The Sony Cyber-shot DSC-RX10 is a bridge-style camera that gets just about everything right, and its steep asking price reflects its impeccable quality.
Photo of Sony Cyber-shot DSC-RX10

The Sony Cyber-shot DSC-RX10 ($1,299.99 direct) is not the type of camera that would typically excite this reviewer.  The full-frame mirrorless Alpha 7 and 7R, which were announced on the same day held more interest for me. They took some of the spotlight away from this fixed-lens camera with a comparitively modest 1-inch sensor, but the RX10 may have been the hidden star. It uses the same 20-megapixel image sensor as the excellent RX100 II, our favorite premium compact camera, and its 24-200mm lens maintains an f/2.8 aperture throughout its zoom range. Image quality is phenomenal throughout its very useful zoom range, and the focus system is impressively quick. It doesn’t quite have the telephoto reach as previous Editors’ Choice award winners in this category, including the Olympus Stylus 1 (28-300mm) and the Panasonic Lumix DMC-FZ200 (25-600mm), but the RX10′s versatility impresses us enough to earn it a perfect score, and our Editors’ Choice award for bridge-style long-zoom cameras.

Design and Features
The RX10 looks like a scaled-down D-SLR, but don’t try and remove its lens—it’s permanently fixed to the camera. Even though the RX10 is a bit bulky at 3.5 by 5.1 by 4.1 inches (HWD) and heavy at 1.8 pounds, it’s not that far off in size from the FZ200 (3.4 by 4.9 by 4.3 inches, 1.2 pounds), which features a more standard 1/2.3-inch image sensor and a 25-600mm f/2.8 lens. Sony sacrificed some telephoto reach in favor of a larger, higher-resolution image sensor; you can make up for some lost reach by cropping the 20-megapixel image. If you shoot JPG, Sony’s Clear Image Zoom is available to extend the reach of the lens to 400mm via in-camera cropping.

Most compact cameras use small image sensors in order to keep size and weight at a minimum, while at the same time maximizing the zoom range.
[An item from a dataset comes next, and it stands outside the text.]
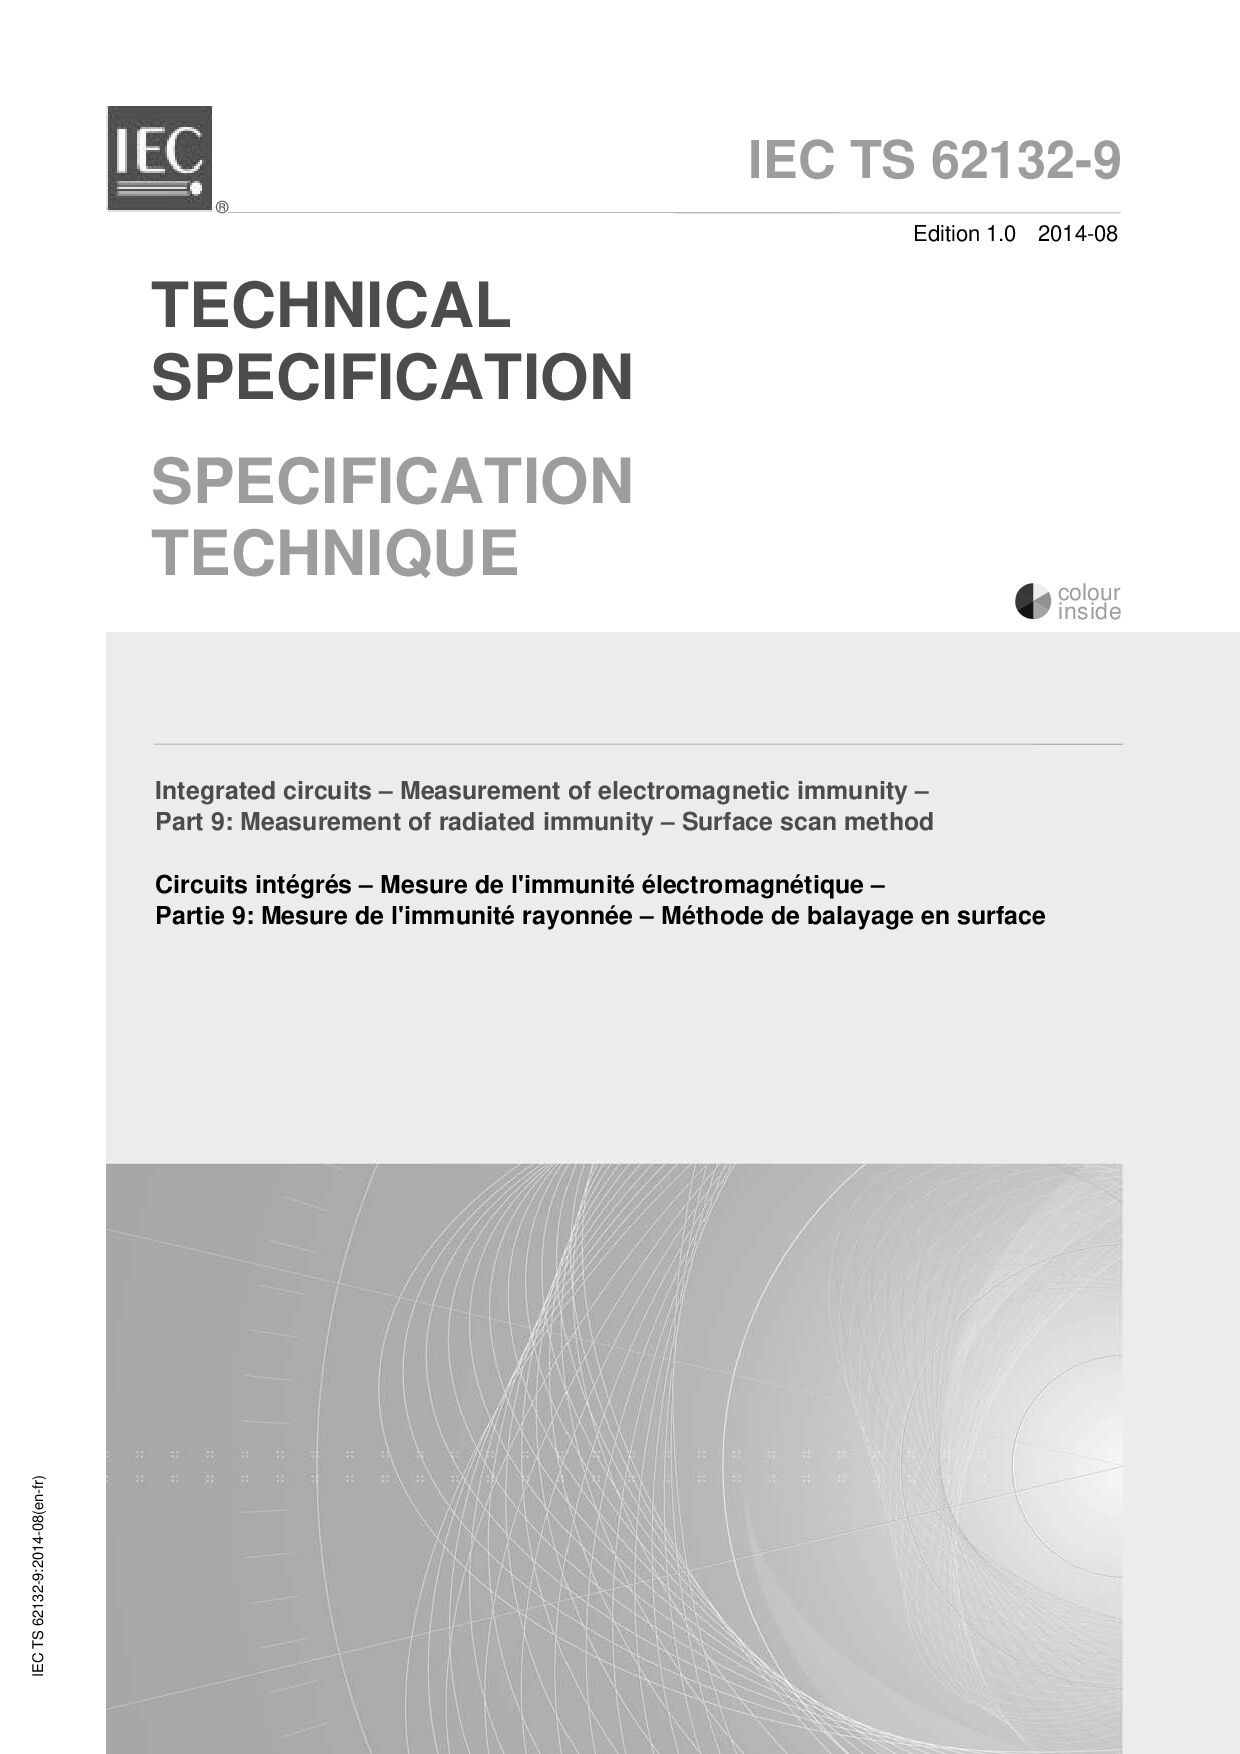 IEC TS 62132-9:2014
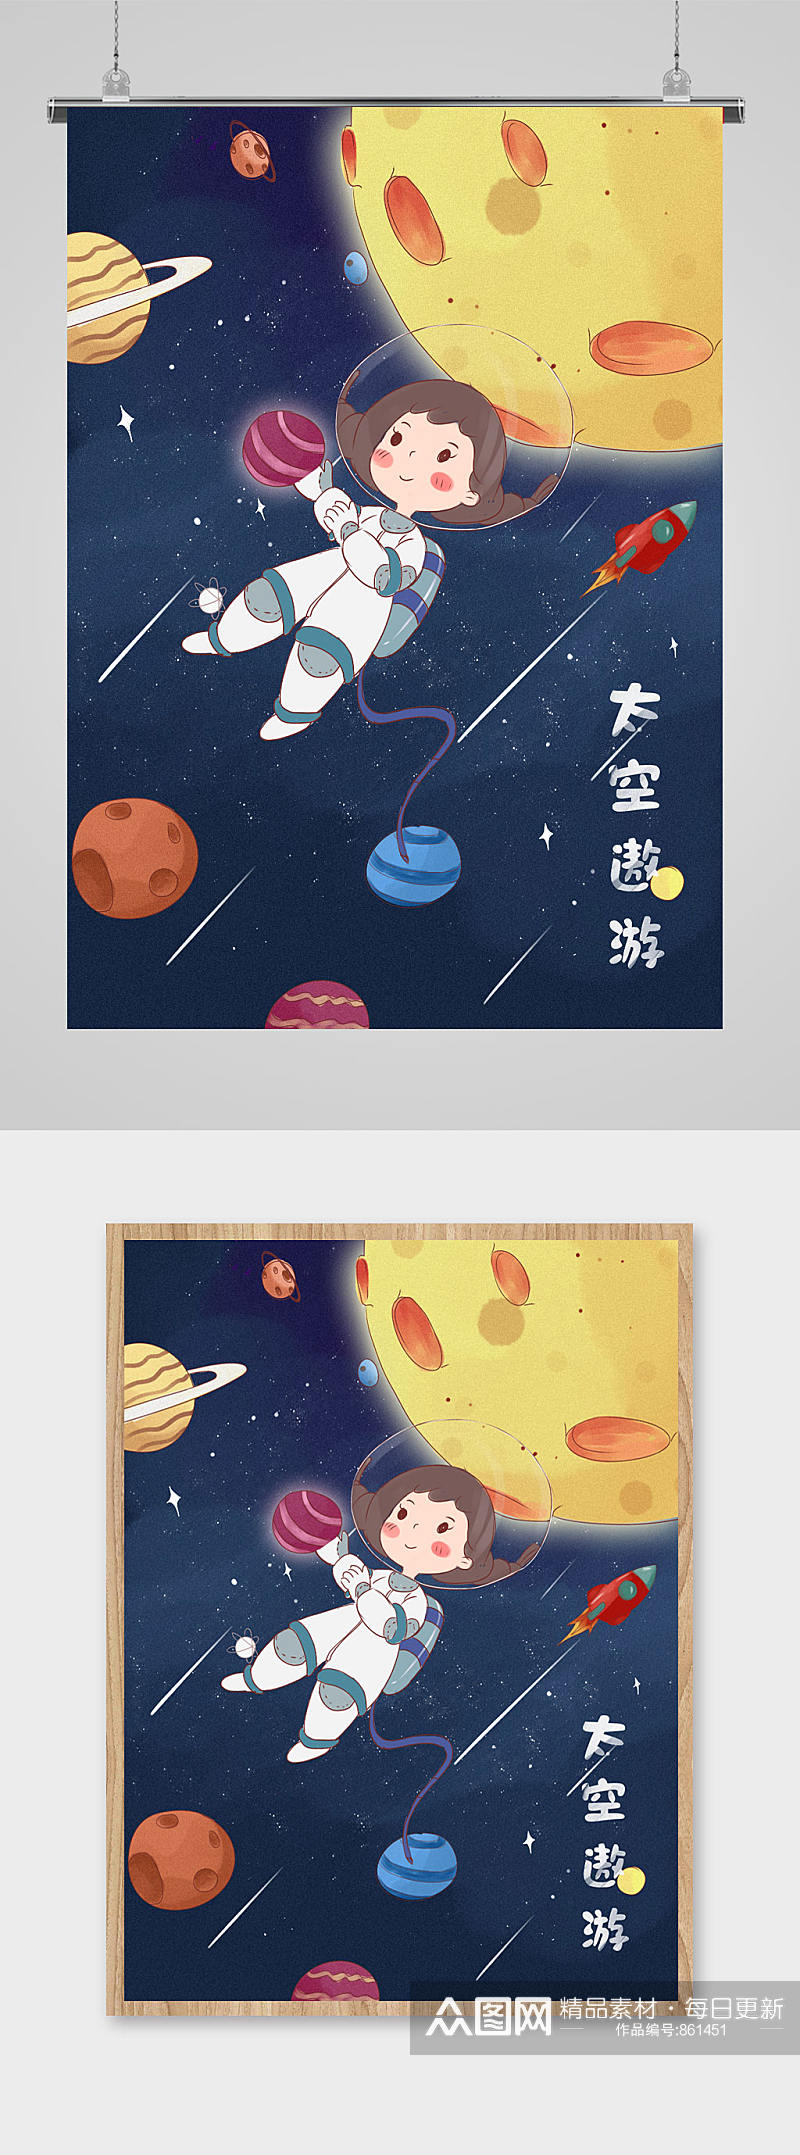 太空宇航员主题插画素材

A bigger sensor requires a bigger lens that covers a larger surface area with light. The RX10′s 1-inch sensor is the same size that’s used in the Nikon 1 J3 mirrorless camera; to this point, Sony is the only company using it in fixed-lens designs. To put it in perspective, the RX10′s image sensor covers about 2.7 times the surface area as the 1/1.7-inch imagers found in enthusiast compacts (including the long-zoom Olympus Stylus 1) and 4 times the area of the 1/2.3-inch chips in standard compacts, including the Panasonic FZ200. The sensor has a native aspect ratio of 3:2, which is the same as you’ll find in an SLR; most compact cameras have 4:3 ratio sensors.
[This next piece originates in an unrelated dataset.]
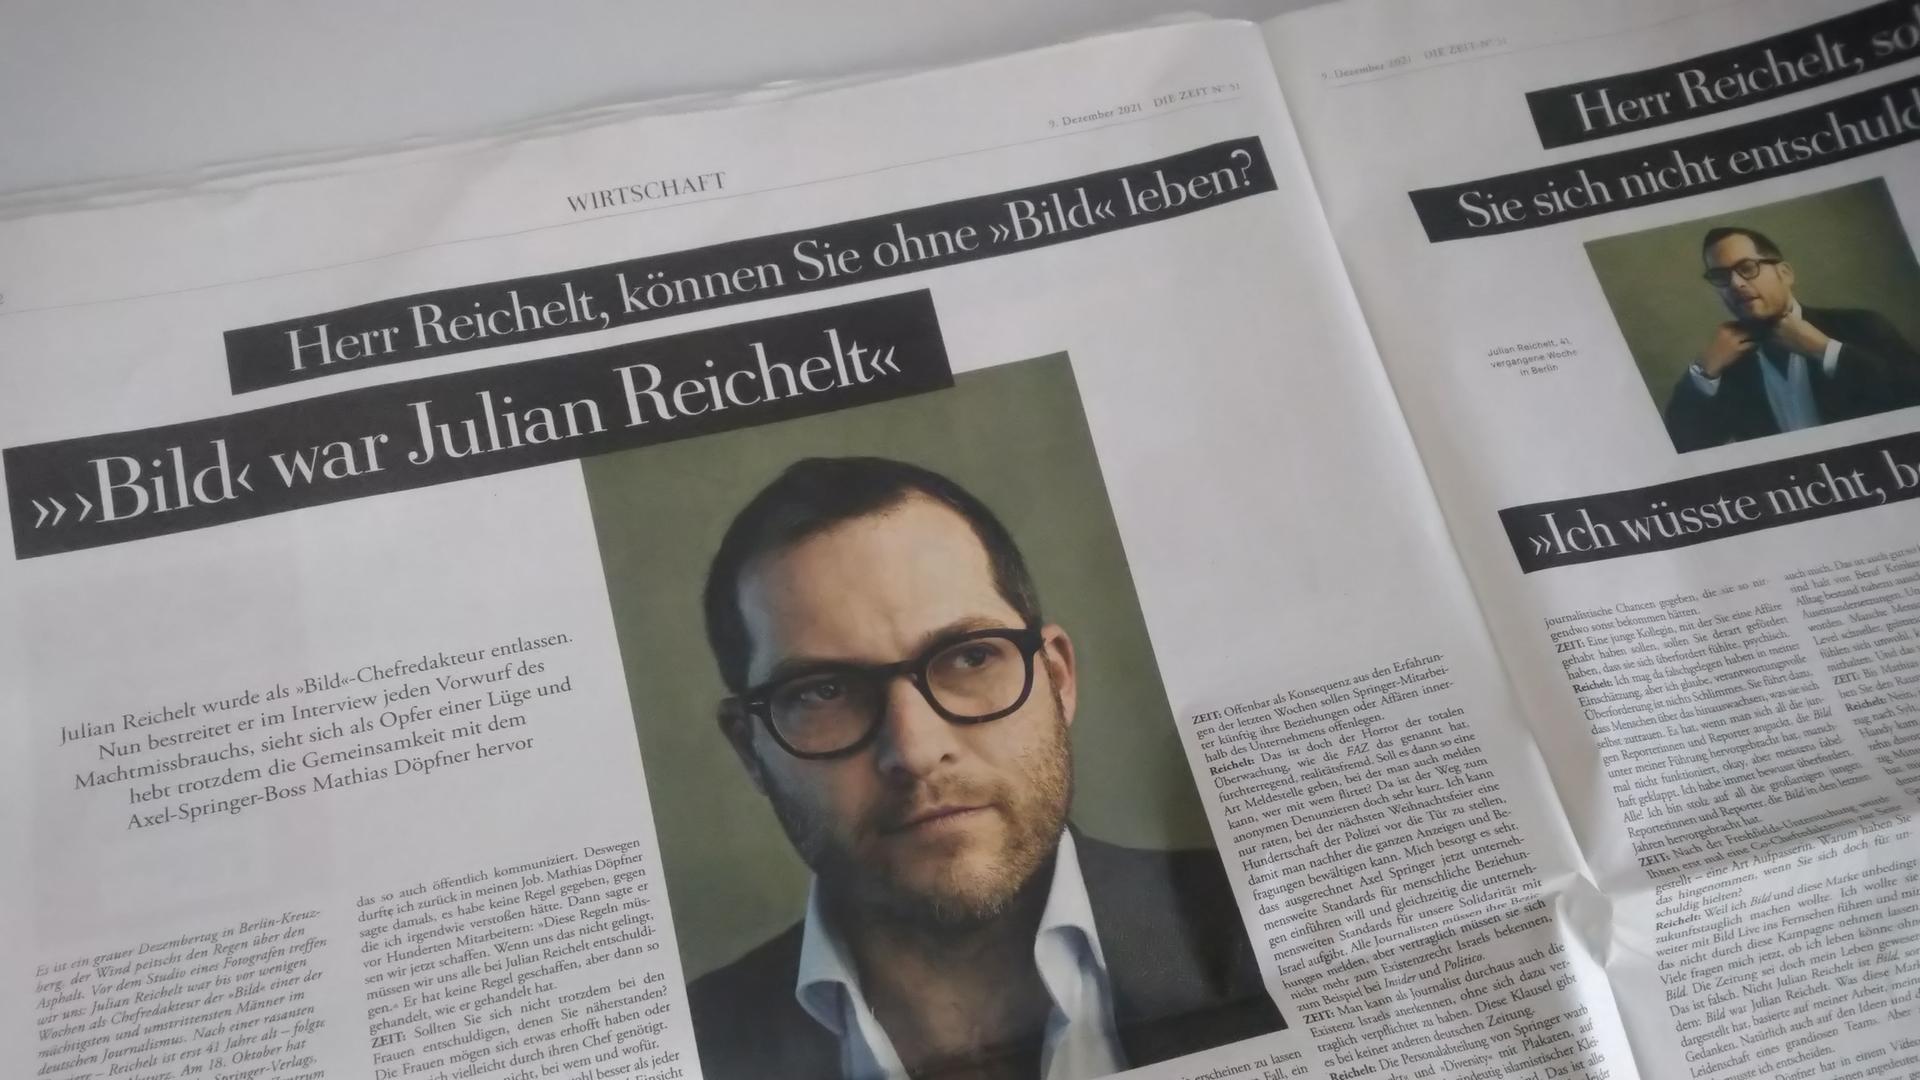 Eine Doppelseite der "Zeit" mit dem Interview mit Julian Reichelt

The 24-200mm lens is a modest, for its class, 8.3x zoom ratio. But the fixed f/2.8 aperture, large image sensor, and impressive minimum focus distance (3cm at its widest angle and 30cm when zoomed all the way in) combine to make a shallow depth of field possible in many shots. There’s no need to switch to a dedicated macro focus mode to lock on at close distances, and the camera’s focus speed doesn’t suffer from a lack of a dedicated macro range. The camera sports an in-lens leaf shutter, so flash sync is possible even at the shortest 1/3,200-second setting. You’ll be limited to shooting at f/8 at that speed, however; the fastest the camera can shoot at f/2.8 is 1/1,600-second. If you’re shooting at wider than 70mm the lens hood casts a shadow when using the pop-up flash; you can remove it if you’d like to use the flash at wider angles.

There’s a big control ring around the lens (when the camera is set to autofocus it adjusts zoom, but becomes a focus control in manual focus mode), and behind it is an aperture ring that offers third-stop clicks from f/2.8 down to f/16. The zoom ring can be set to a step zoom mode, which adjusts the lens to classic focal lengths (24mm, 35mm, 50mm, 70mm, 135mm, 200mm), or as standard control that allows you to set the lens to intermediary lengths; even when step zoom is enabled, the zoom rocker switch can be used for fine adjustments. It’s a power zoom design; the Fujifilm X-S1 is one of the few cameras of this type to include a lens that is adjusted manually.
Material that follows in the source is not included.